- South end North end
- Coordinates: 33°25′07″S 149°36′15″E﻿ / ﻿33.418694°S 149.604163°E (South end); 32°57′44″S 149°51′28″E﻿ / ﻿32.962270°S 149.857869°E (North end);

General information
- Type: Rural road
- Length: 72.0 km (45 mi)
- Gazetted: August 1928

Major junctions
- South end: Great Western Highway Kelso, New South Wales
- North end: Castlereagh Highway Ilford, New South Wales

Location(s)
- Major settlements: Sofala

= Bathurst-Ilford Road =

Road in New South Wales, Australia

Bathurst-Ilford Road (known as Sofala Road south of the Turon River and Ilford-Sofala Road north of the Turon River) is a 72.0 km New South Wales country road linking Ilford to the regional hub of Bathurst.

==Route==
Bathurst-Ilford Road commences at the intersection with Castlereagh Highway in Ilford and heads in a south-westerly direction, eventually crossing the Turon River and passing the historic town of Sofala. It then continues in a southerly direction and passes through Wattle Flat and Peel, before eventually ending at the intersection with Great Western Highway in Kelso, just east of Bathurst, which itself acts as a major highway hub with the Great Western, Mid-Western Highway and Mitchell Highways – and O'Connell Road to Oberon – meet.

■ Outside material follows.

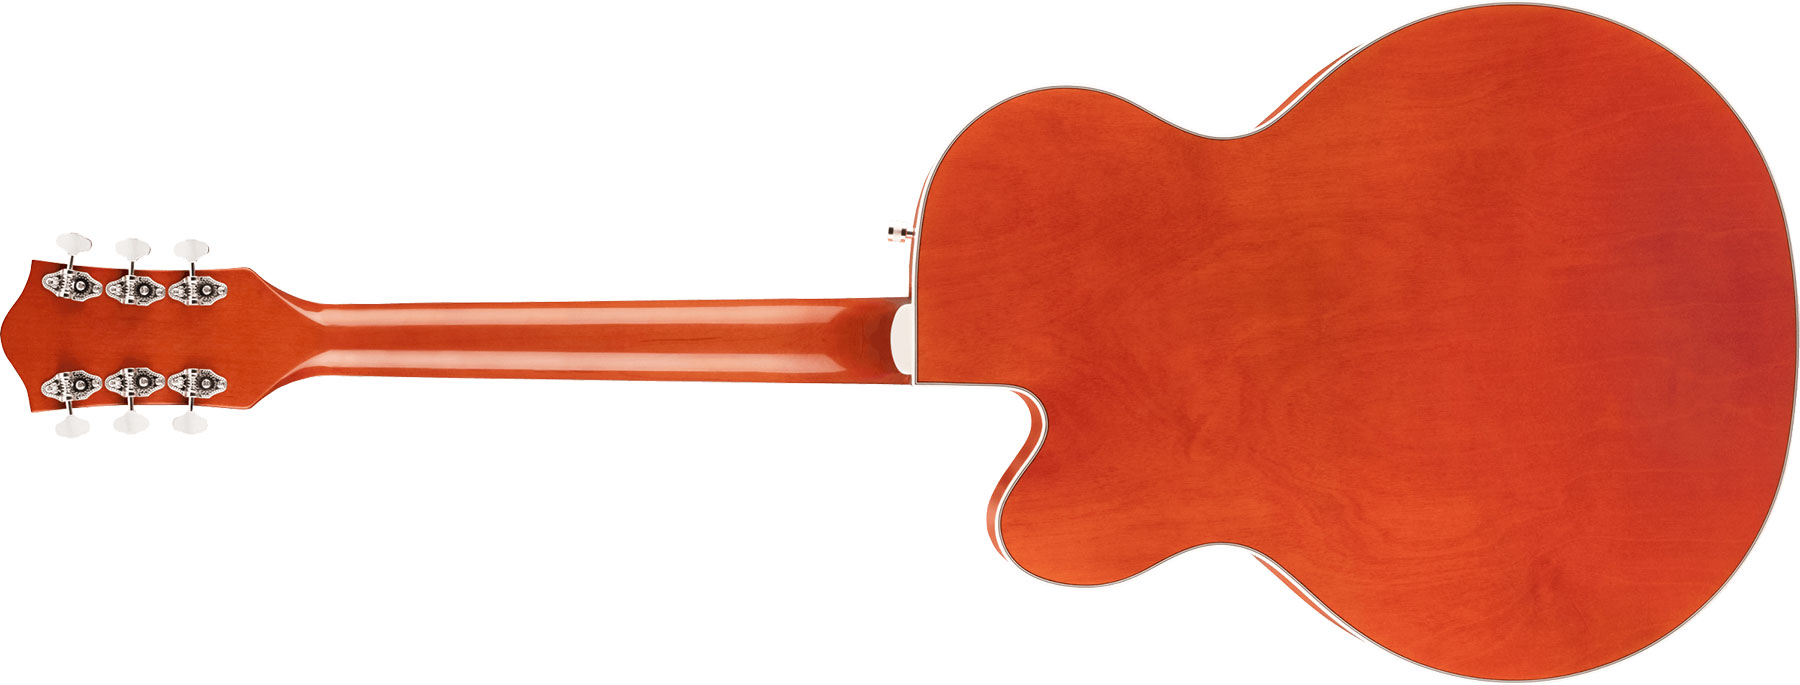 Gretsch G5420t Classic Electromatic Hollow Body Hh Trem Bigsby Lau - Orange Stain - Semi hollow elektriche gitaar - Variation 1

It is fully sealed over its entire length, but many road maps still show sections of it as unsealed.

In conjunction with Bylong Valley Way from Castlereagh Highway near Ilford to Golden Highway near Sandy Hollow, this very quiet and scenic route provides a leisurely alternative to going through Sydney to travel between the Hunter Region and Bathurst.

==History==
The passing of the Main Roads Act of 1924 through the Parliament of New South Wales provided for the declaration of Main Roads, roads partially funded by the State government through the Main Roads Board (MRB). Main Road No. 54 was declared along this road on 8 August 1928, from the intersection with Mudgee-Ilford Road (today Castlereagh Highway) in Ilford, via Sofala to Bathurst (and continuing southwards eventually to Goulburn); with the passing of the Main Roads (Amendment) Act of 1929 to provide for additional declarations of State Highways and Trunk Roads, this was amended to Trunk Road 54 on 8 April 1929.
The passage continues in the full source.